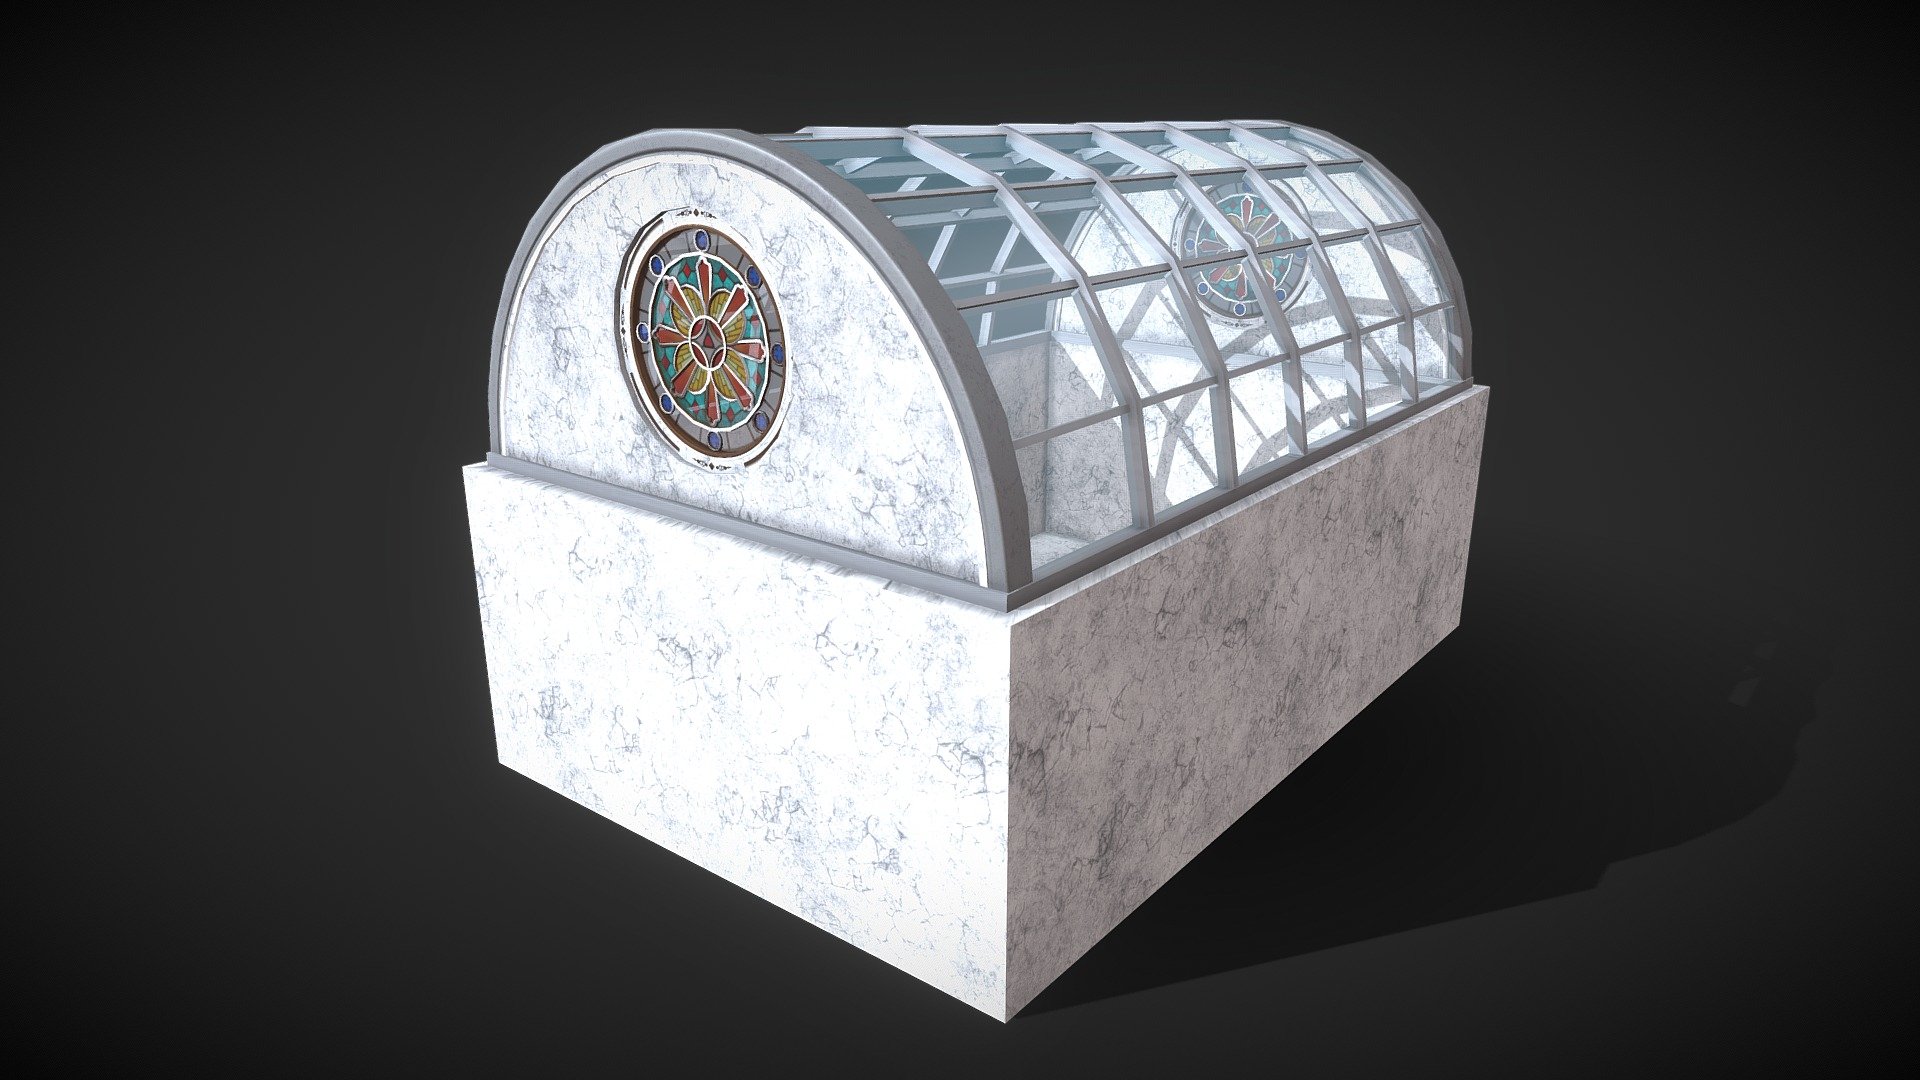 Rectangular building with circular stained glass window.

A rectangular building with marble walls, decorated with two circular stained glass windows, and curved glass roof supported with metal frames. You can place anything you want in the building.

custom double sided transparent shader for glass.
Roof Metal frame meshes are separated, so distance can be adjusted freely.



STAINED GLASS + BUILDING

Total Polycount: 4400 Triangles

Roof Frame

Albedo PNG Texture: 512 x 512

Roof Wall

PNG Texture: 2048 x 2048

(Albedo and Specular)

Wall

PNG Texture: 2048 x 2048

(Albedo and Specular)

SGWindow and SGWindow Frame share same set of textures,
except SGWindow Frame uses unity's standard specular shader, and SGWindow uses custom double sided transparent shader.

PNG Texture: 2048 x 2048

(Albedo, AO, Normal, and Specular) - Stained Glass Window - Buy Royalty Free 3D model by Experience Lab Art (@Experience_Lab_Art) 3d model

▬▬▬▬▬▬▬▬▬▬

§ **TASK OBJECTIVE**: The answer must be the lines from the one containing "custom double sided transparent shader for" through the last line of the records, copied exactly, with nothing else.

§ **RESPONSE FOR THIS EXERCISE**:
custom double sided transparent shader for glass.
Roof Metal frame meshes are separated, so distance can be adjusted freely.



STAINED GLASS + BUILDING

Total Polycount: 4400 Triangles

Roof Frame

Albedo PNG Texture: 512 x 512

Roof Wall

PNG Texture: 2048 x 2048

(Albedo and Specular)

Wall

PNG Texture: 2048 x 2048

(Albedo and Specular)

SGWindow and SGWindow Frame share same set of textures,
except SGWindow Frame uses unity's standard specular shader, and SGWindow uses custom double sided transparent shader.

PNG Texture: 2048 x 2048

(Albedo, AO, Normal, and Specular) - Stained Glass Window - Buy Royalty Free 3D model by Experience Lab Art (@Experience_Lab_Art) 3d model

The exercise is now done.